What we’ve learnt from the first week of Super 12 matches

Anchor supremacy, the value of wickets, the importance of match-ups and more

10 matches into the Super 12 stage, this 2021 edition of the T20 World Cup is starting to take shape, and is also slowly starting to catch fire. No one quite knew what to expect heading into the second round but now, almost a week in, there are evidently clear patterns that are starting to emerge. 

With the stakes getting higher, we look at some key observations from the first set of the Super 12 matches in which there were quite a few valuable takeaways. 

Damage-control in powerplay is imperative

In the lead-up to the tournament, a multitude of players stressed on the importance of ‘winning the powerplay’. The reason is simple: on slow and low wickets, batting gets tougher with the time, and hence it is imperative for teams to maximize the first six overs.
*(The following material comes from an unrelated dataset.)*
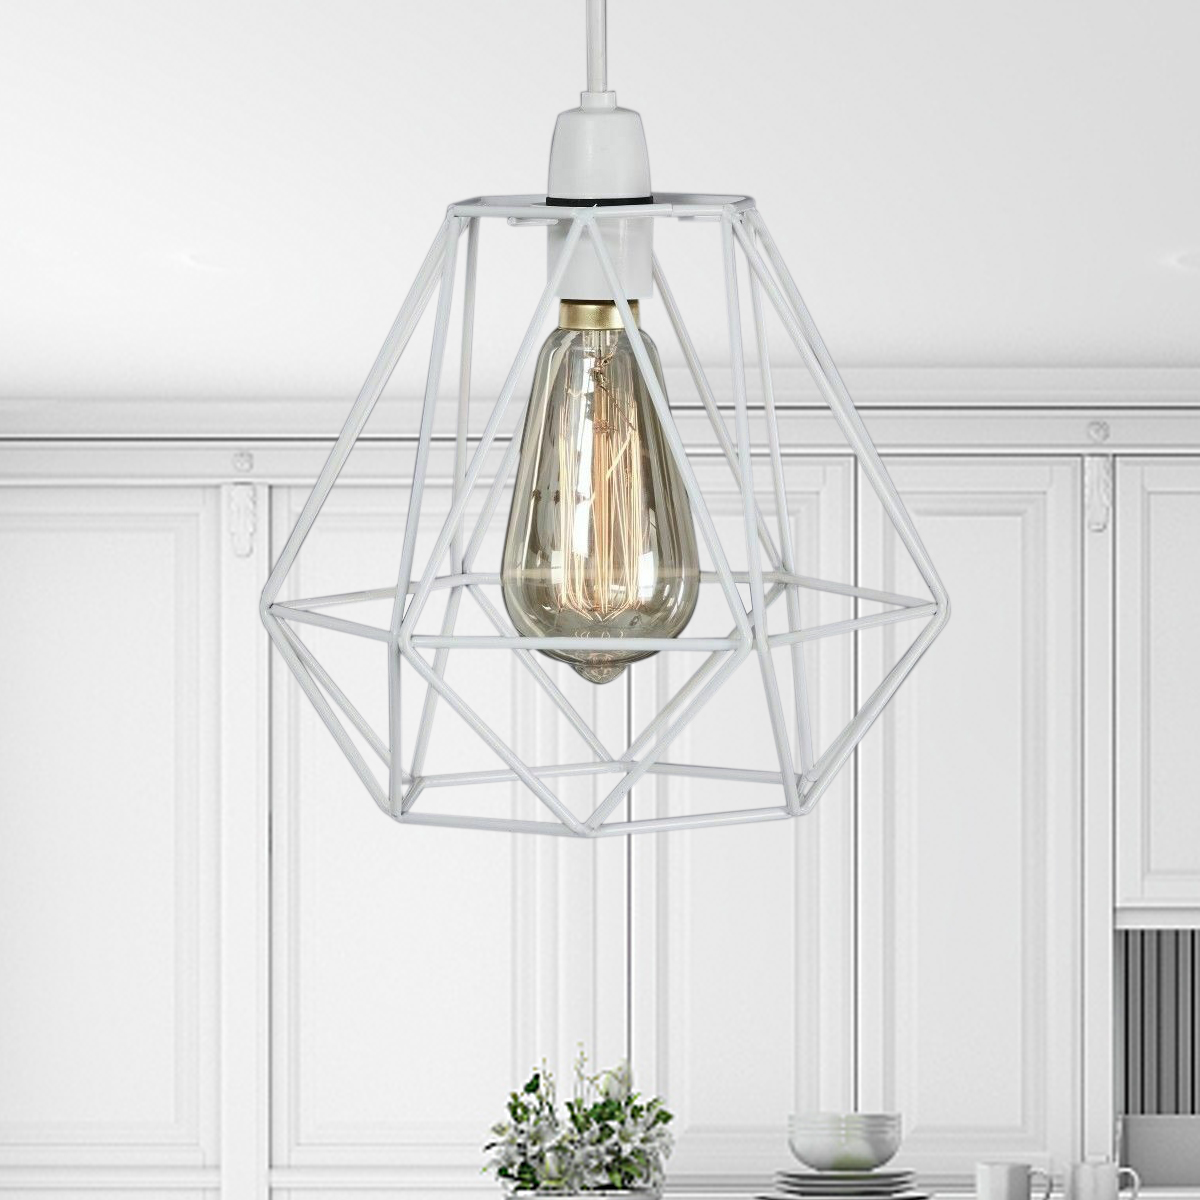 Geometric-Wire-Ceiling-Pendant-Light-Lampshade-Metal-Cage-Kitchen-Dining-Cafe-Without-Bulb-1758739-4

Not only because there are only two fielders out in the deep, but also due to the ball being hard and new.

But what we’ve seen in this first week of the Super 12 games is that you can even afford to go slow; what you cannot do though, is lose wickets in a cluster upfront. 

So far in the Super 12 stage of the T20 World Cup, 7 times teams have lost 3 or more wickets inside the powerplay. Remarkably, on 6 occasions those sides have gone on to lose the game. The only exception has been England, who, mind you, were chasing a mere 56.


Whilst batting first, teams that have lost 2 or more wickets inside the powerplay have lost 100% of the time.

Conserving wickets is no guarantee of a win, but it will, at the very least, ensure better totals are put up. Thus far in the Super 12 stage, whilst batting first, teams that have lost 2 or more wickets inside the powerplay have posted an average total of 111.4, compared to the 158.4 posted by teams that have lost 1 or fewer wickets inside the first six. 

This brings us to our second point.

Batting first has been hell because teams have struggled to pace their innings

As of October 29 (post the AUS vs SL game), quite remarkably Afghanistan have been the only side to defend a total successfully. Of the ten Super 12 games played, 9 have been won by the team chasing.

Sure, toss and dew have played a part, but the primary reason for this has been teams’ inability to pace their innings whilst batting first. No one has been able to figure out how to construct their innings.

Some teams have gone too hard up-front and lost their head in the process, while others have left it too late. In certain cases, sides have motored along in third gear for the entirety of their innings. Ultimately though, regardless of the path, teams batting first have always ended up with below-par scores.


We saw this in the UAE edition of the IPL, too. Of the 31 matches in the second half of the competition, a staggering 21 were won by teams that chased. There was the odd breathtaking chase but, in general, teams batting first struggled to post par and above-par scores.

With dew expected to play a more significant part as this World Cup progresses, expect this phenomenon to continue. Barring Afghanistan, who have a bat-first-and-choke-with-spin template, expect sides to continue chasing. And, more often than not, expect sides to be perpetually confused when they bat first.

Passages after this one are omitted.